The Mad King, as performed by Johannes Martin Kränzle (sporting only his white undies), showed great resources of theatrical commitment. His cries, yells, and falsettos were all perfectly executed. Kränzle embraced Davies’s deconstructed approach to language without ever losing a sense of the text’s comprehensibility. Let me explain. In Opera—or lyrical singing in general—understanding the text is always a question. The act of singing often distorts what, otherwise, would be a simple sentence to understand. Nevertheless, some singers sing and enunciate the text in a way that makes the words clear. In Davies’ music, the distortions of the text are augmented exponentially—consonantal repetition, vowels on impossible high notes. Still, an English speaker, deprived of the subtitles, could capture most of the text—a sign of the artistic strength of the performance, and the success of Davies’s theatrical proposal.
The Madness of the king, here, is not pleasant to look at. However, at its best moments, it is pretty funny. The shy giggles in the audience might have been too little for the bizarre spectacle that unfolded before our eyes. Maxwell Davies’s works can be challenging, but accepting the humor they offer us is perhaps the first key to understanding and enjoying them.

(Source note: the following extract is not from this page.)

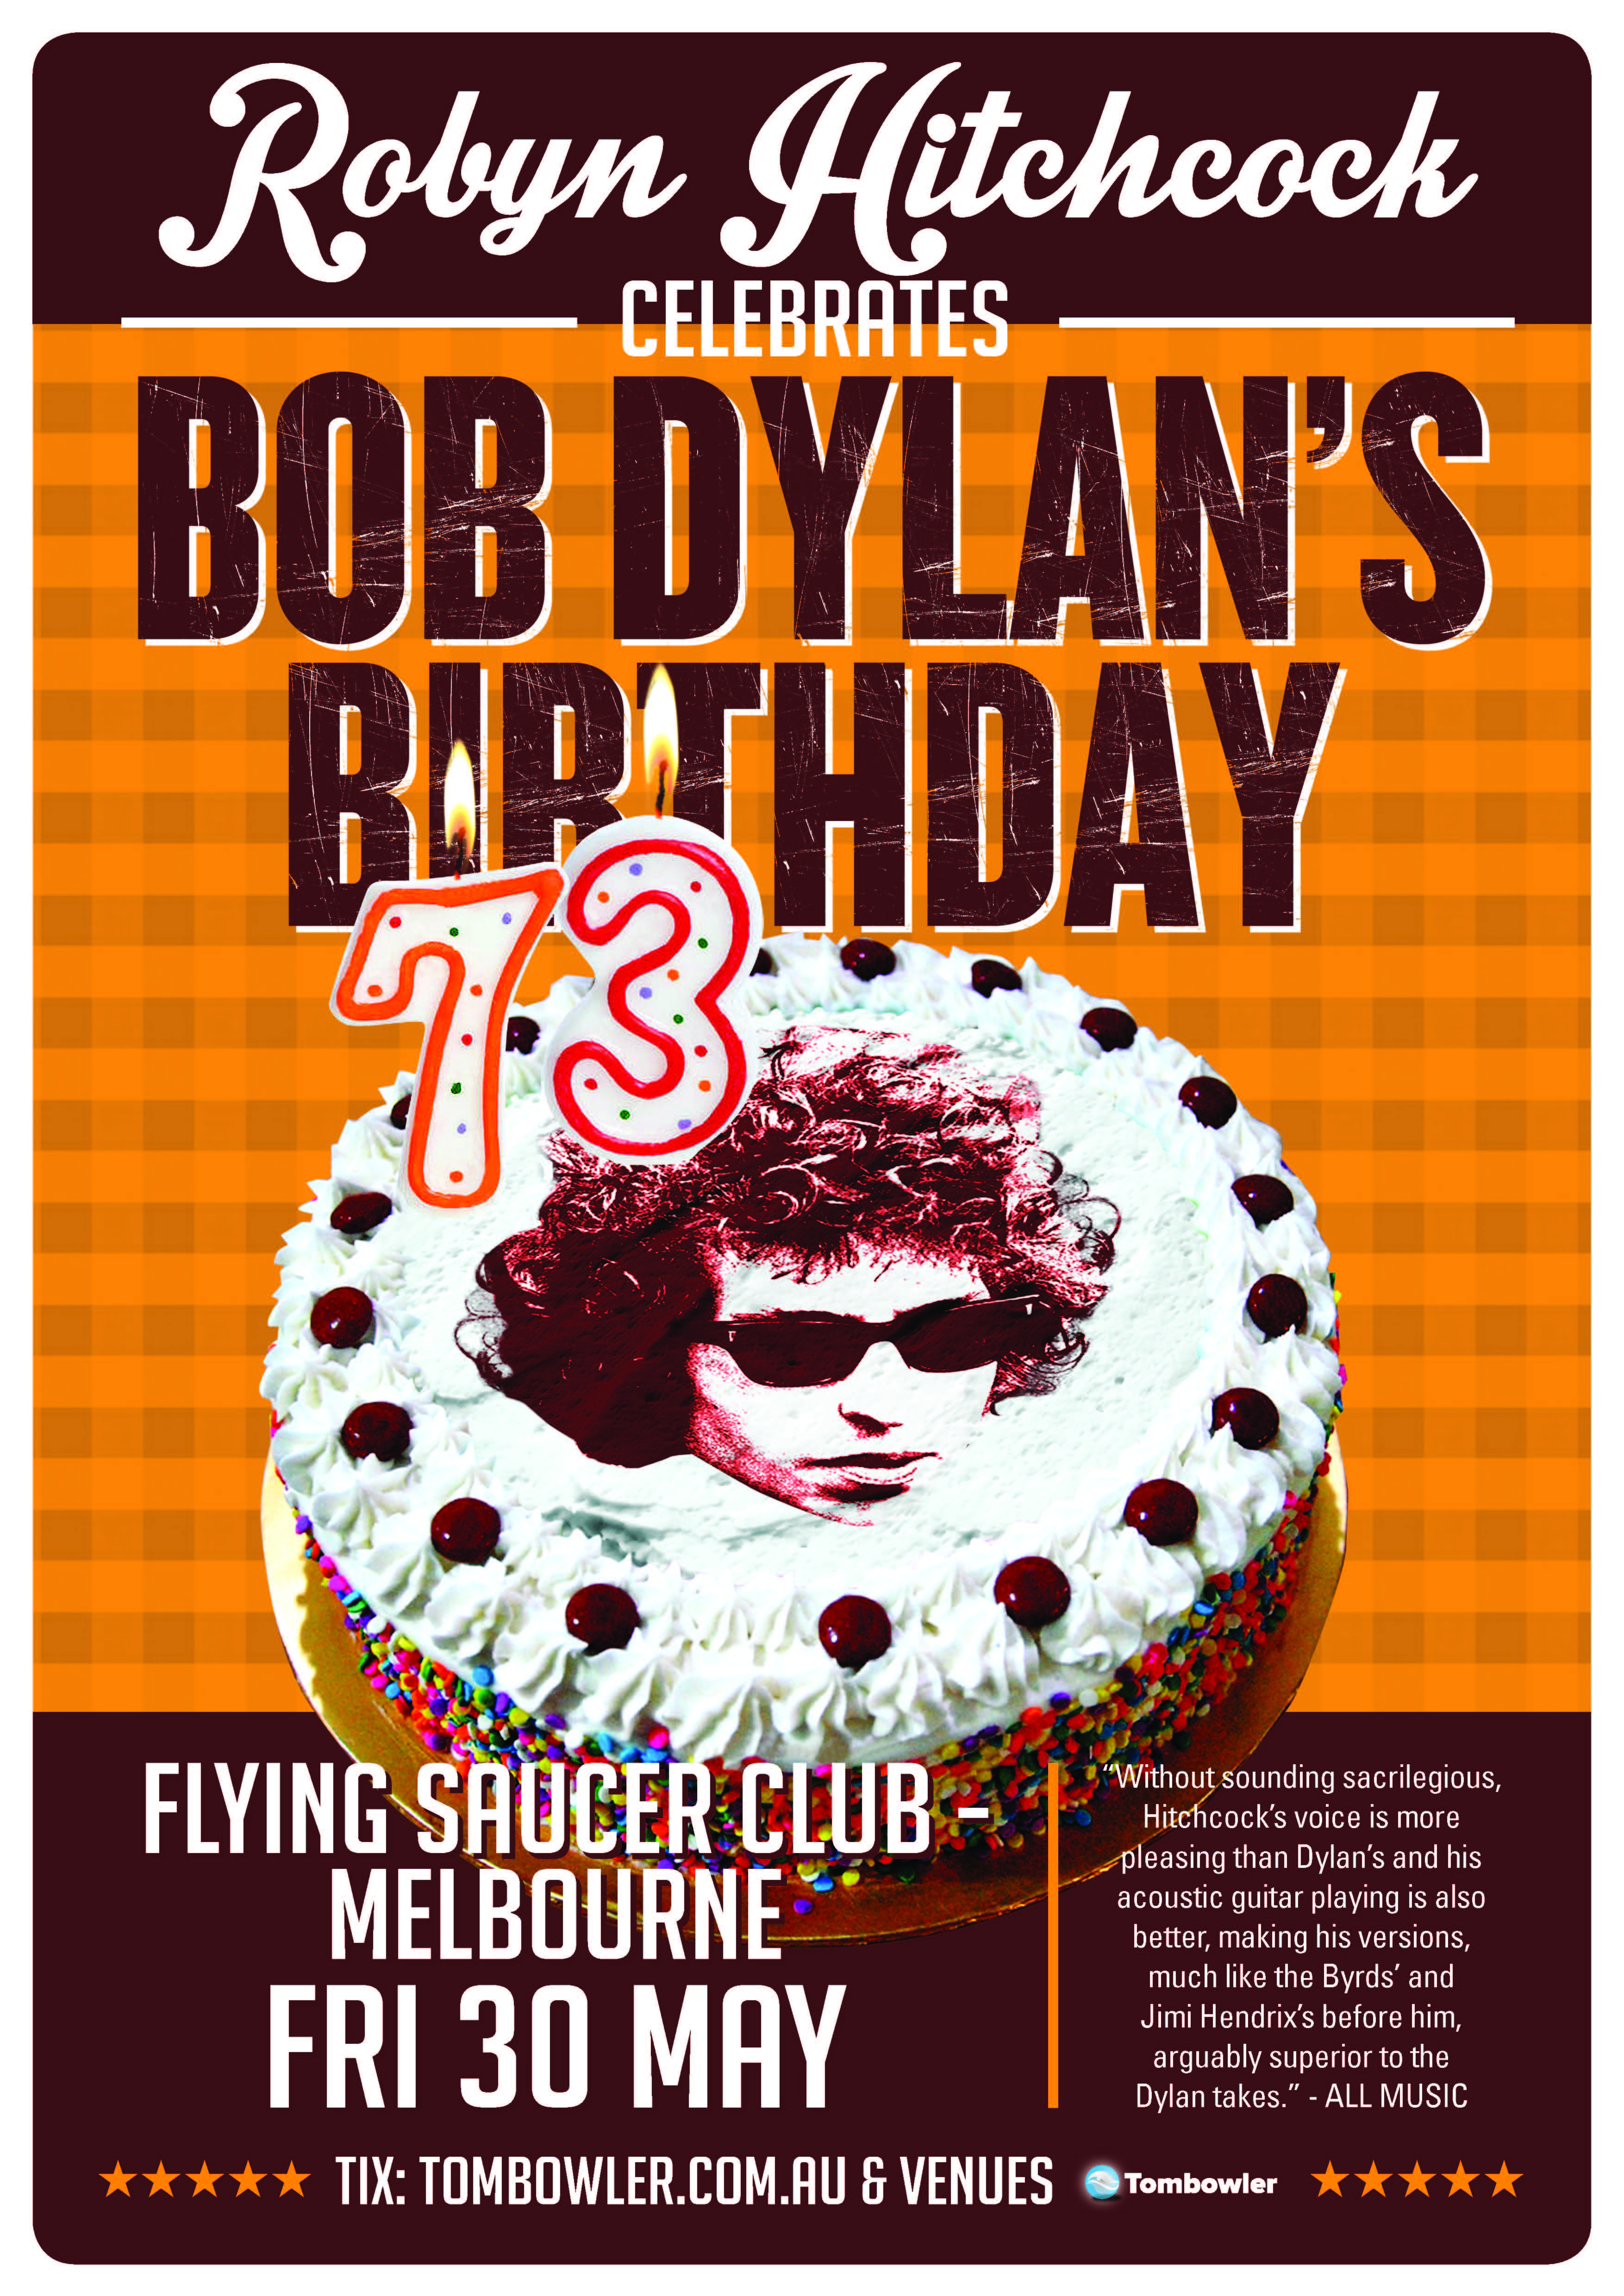 Robyn-Hitchcock-Celebrates-Bob-Dylan’s-73rd-Birthday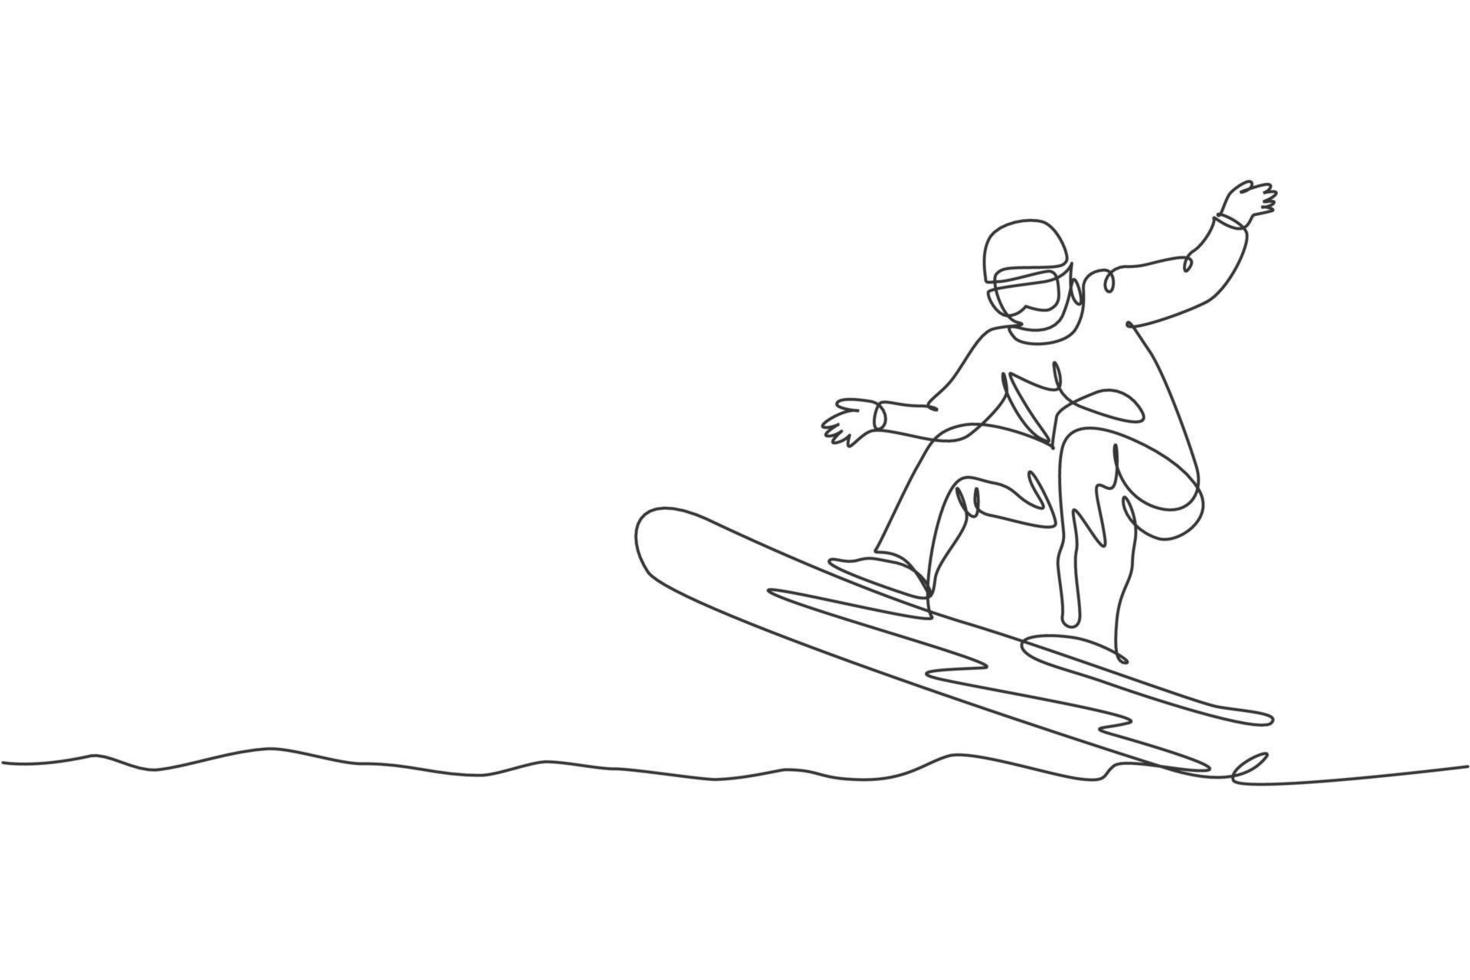 enda kontinuerlig linje ritning ung sportig snowboardåkare man som rider snowboard snabbt på berget. extremsport utomhus. vinter semester koncept. trendig enradig design grafisk vektorillustration vektor

The Kafka-Fragments (1987)
Kurtág’s “Kafka-Fragments” was certainly more engaging lyrically, but was still demanding. The forty fragments after Kafka for soprano and violin were meticulously performed by soprano Anna Prohaska and violinist Patricia Kopatchinskaja. While Prohaska is an actress and singer of much presence, Kopatchinskaja is a violinist whose talent is, in my opinion, still underrated. Her recordings of the standard repertoire of violin are excellent, and in Aix, she shined as a performer.
Kosky placed the two women as mirrors of each other. They wore similar dresses and, progressively, they feign to change places—one sings and the other plays. The effect is quite impressive, and their commitment to the performative act is commendable. And Kurtág’s music is, by any measure, more pleasant than Maxwell Davis.
All that said, I must say that I struggled a bit with the fragment as a literary form in the current age. It is certainly an extremely important mode of literary creation, especially after the nineteenth century—though it can be traced back to the ancient times. But in this day and age of social media, when it seems that all of our “content” is fragmented (from stories to twitter to videoclips), even Kurtág’s intellectual elegance seemed to have lost some of its edge. Perhaps it is only me, too immersed as I am in my Instagram, but I do not think so.
Still, for the few elects that want to immerse themselves in a good performance of contemporary works and great theater, “Songs and Fragments” is certainly a show to see.